Unjukrasa ini telah berlansung tiga pekan berturut-turut. Namun, Kejati Sumut lagi-lagi menyebut, aspirasi tersebut telah disampaikan ke Kepala Kejaksaan Tinggi (Kajati) Sumut Bambang Sugeng Roekmono.

Lantas PMPK menanyakan perihal jawaban dari orang nomor satu di Korps Adhyaksa tersebut tentang adanya konspirasi pemenang lelang yakni PT Rajawali Nusindo tahun 2014 nilai anggaran Rp 17,9 miliar.

"Bapak mengatakan aksi pekan lalu telah disampaikan ke pimpinan.
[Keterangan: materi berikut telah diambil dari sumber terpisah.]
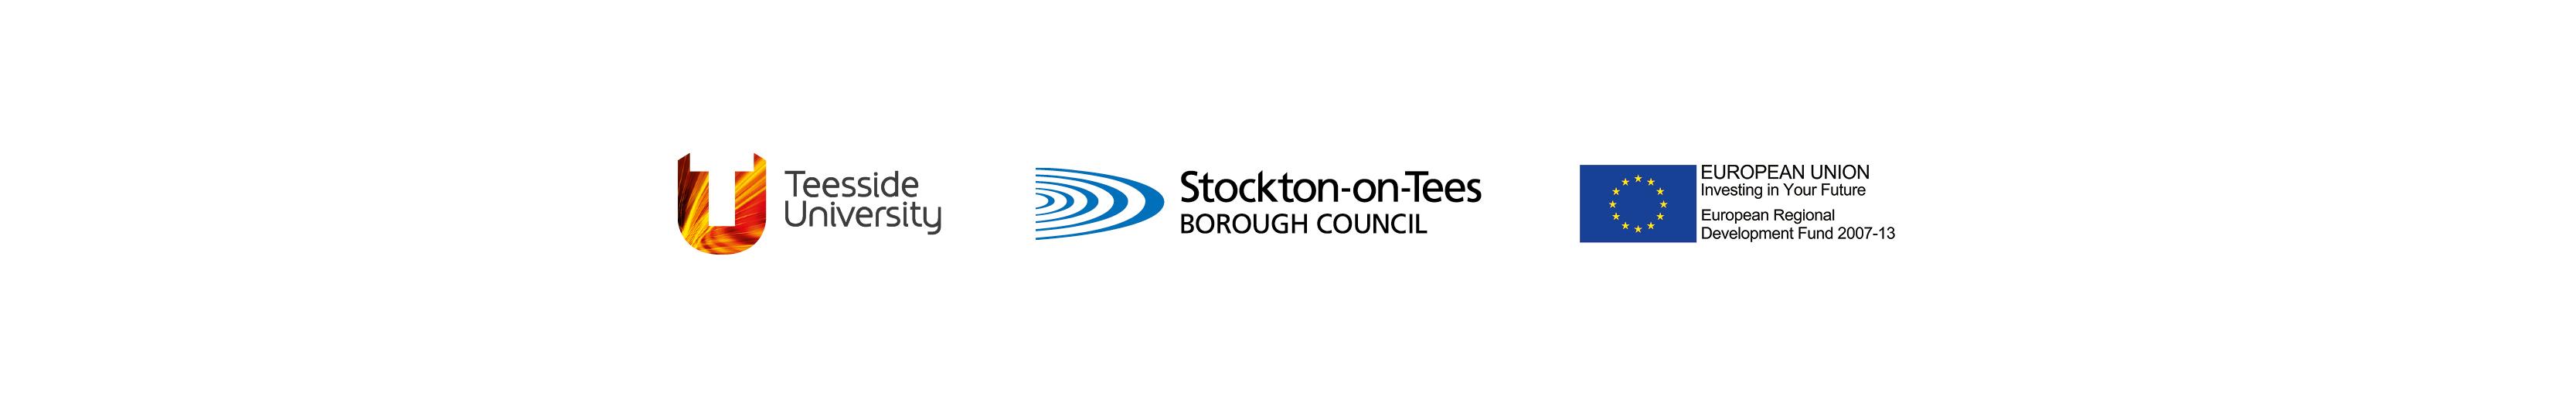 Teesside University, Stockton-on-Tees Borough Council, European Union

Kami berharap aksi kami kali ini ada tanggapannya. Bukan hanya disampaikan dan diterima saja," kata orator, Ilham Fauzi Munthe, Rabu (14/12/2016).
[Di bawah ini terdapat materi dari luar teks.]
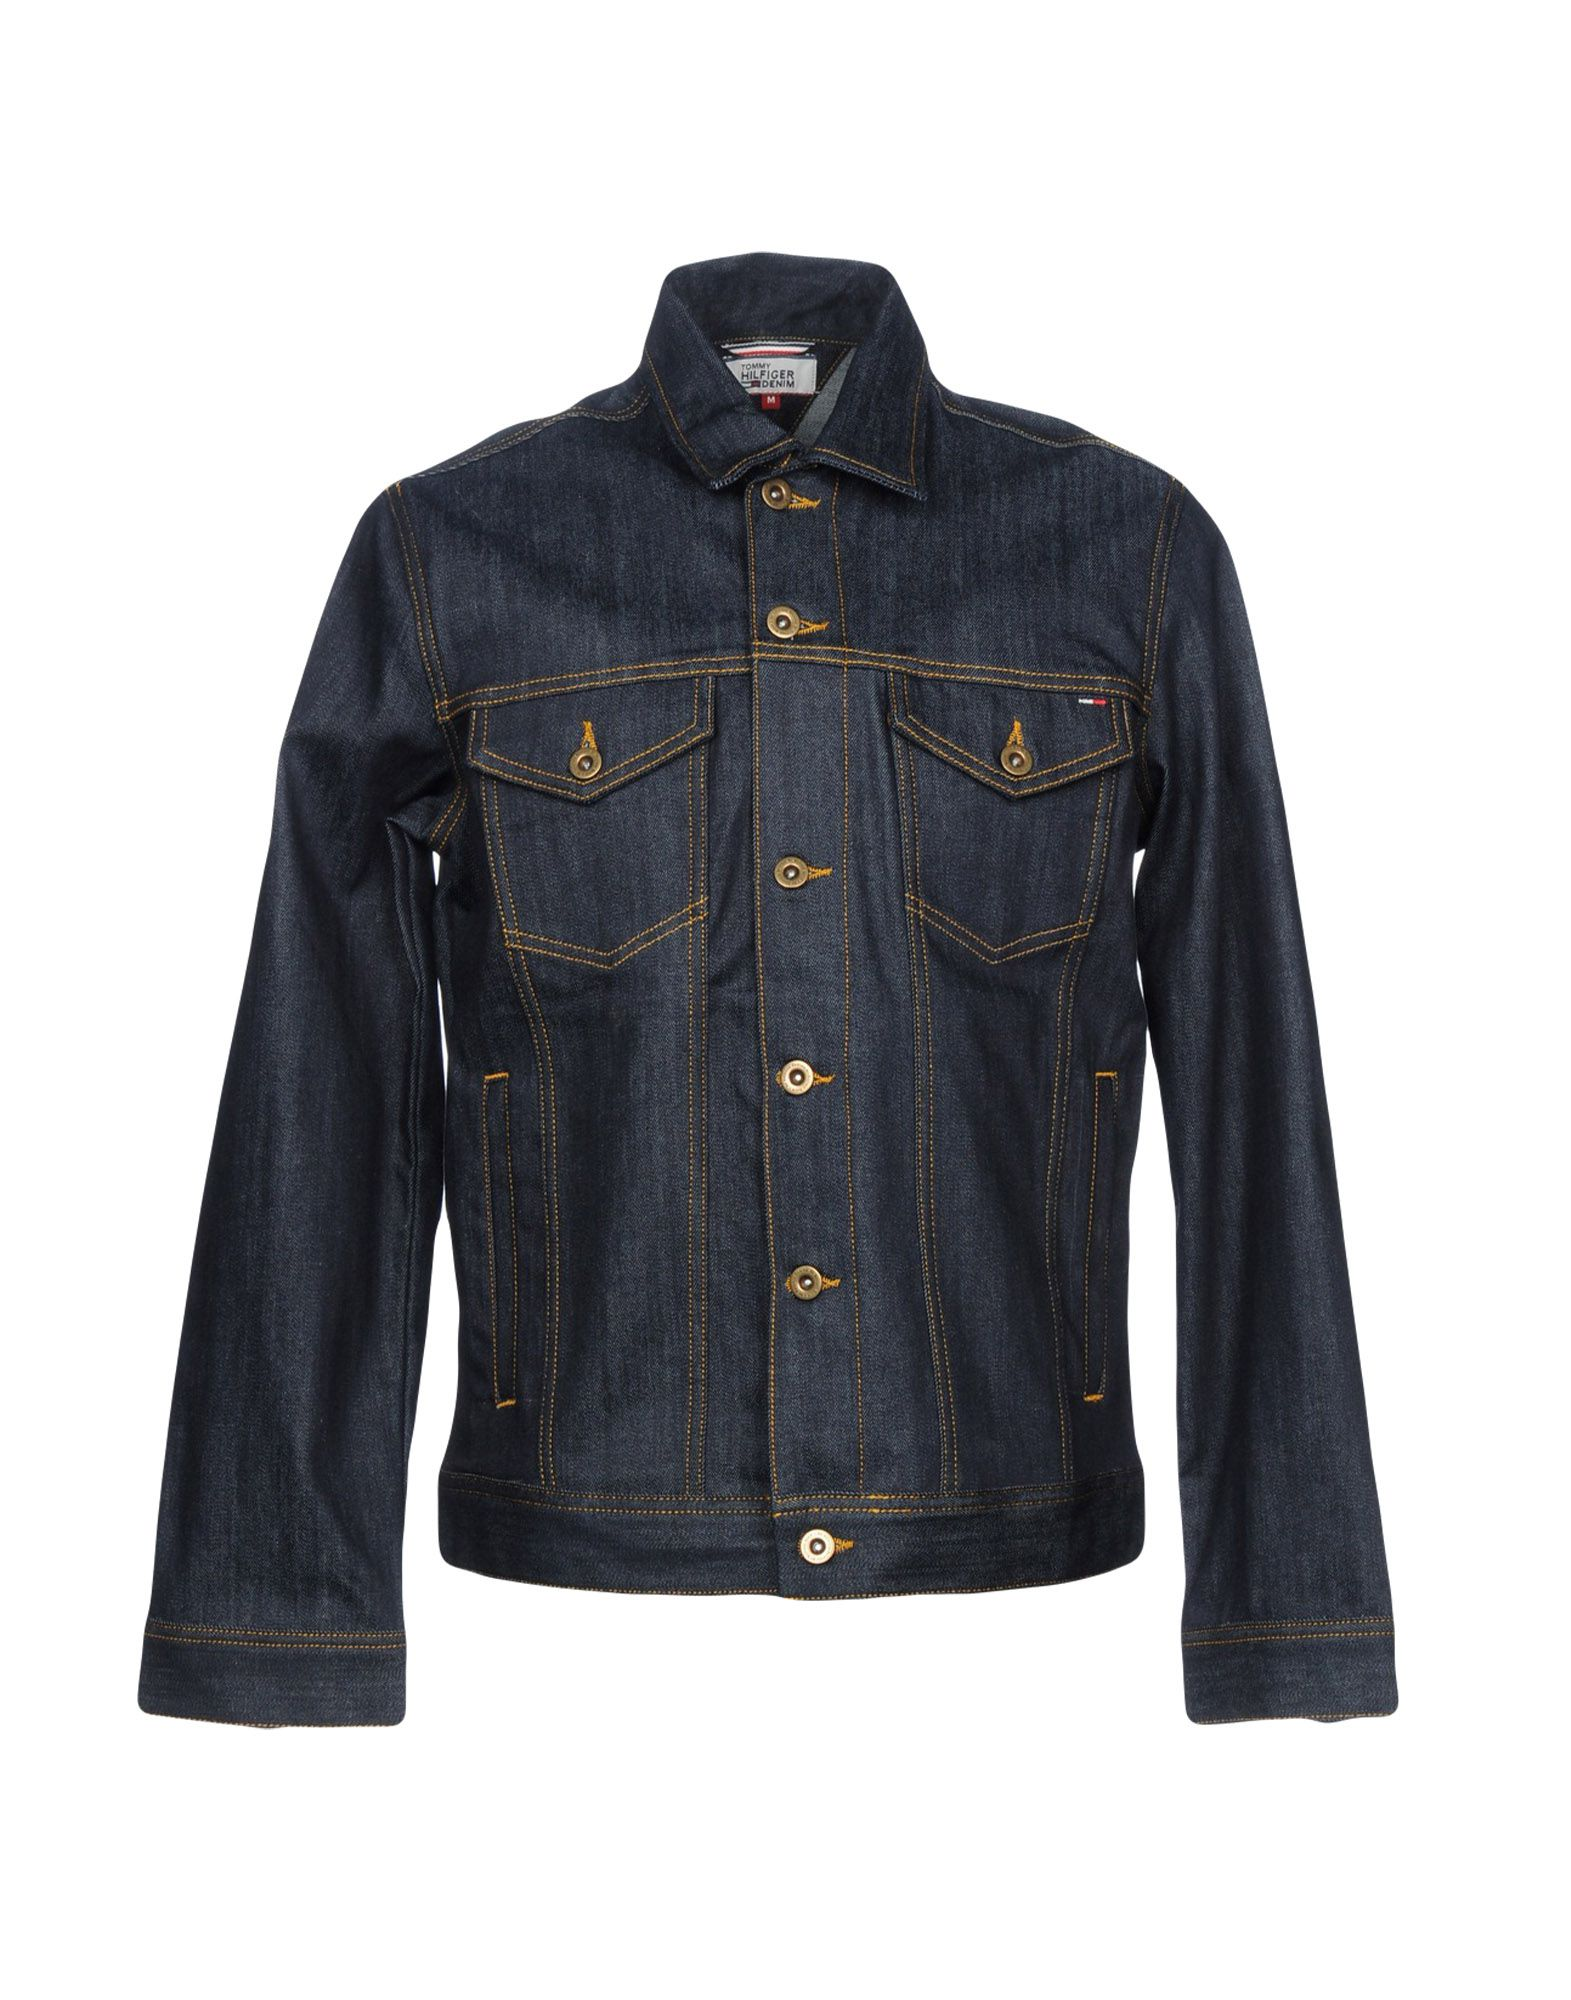 Giubbotto - Jeans Tommy Jeans Uomo - Giubbotto 42669907TA a95218

Pria berlobe ini pun akan secara terus menerus menyuarakan aspirasinya sembari berharap pernyatakan sikap mereka ditanggapi langsung Kajati Sumut.

"Tapi harapan kami yang menanggapai aspirasi ini adalah Bapak Kejaksaan Tinggi Sumatera Utara," sebut Ilham.

Kepala Sub Seksi Penerangan Hukum (Kasubsi Penkum) Kejati Sumut Yosgernold Tarigan yang menyambut pengunjukrasa, berulang kali mengimbau agar laporan dibarengi alat bukti.
"Disampaikan ke pemimpinan bukan berarti berhenti di Penkum. Laporan itu dipelajari, ada SOP-nya. Kalau ada pelanggaran, kami tindak lanjuti," kata Yosgernold.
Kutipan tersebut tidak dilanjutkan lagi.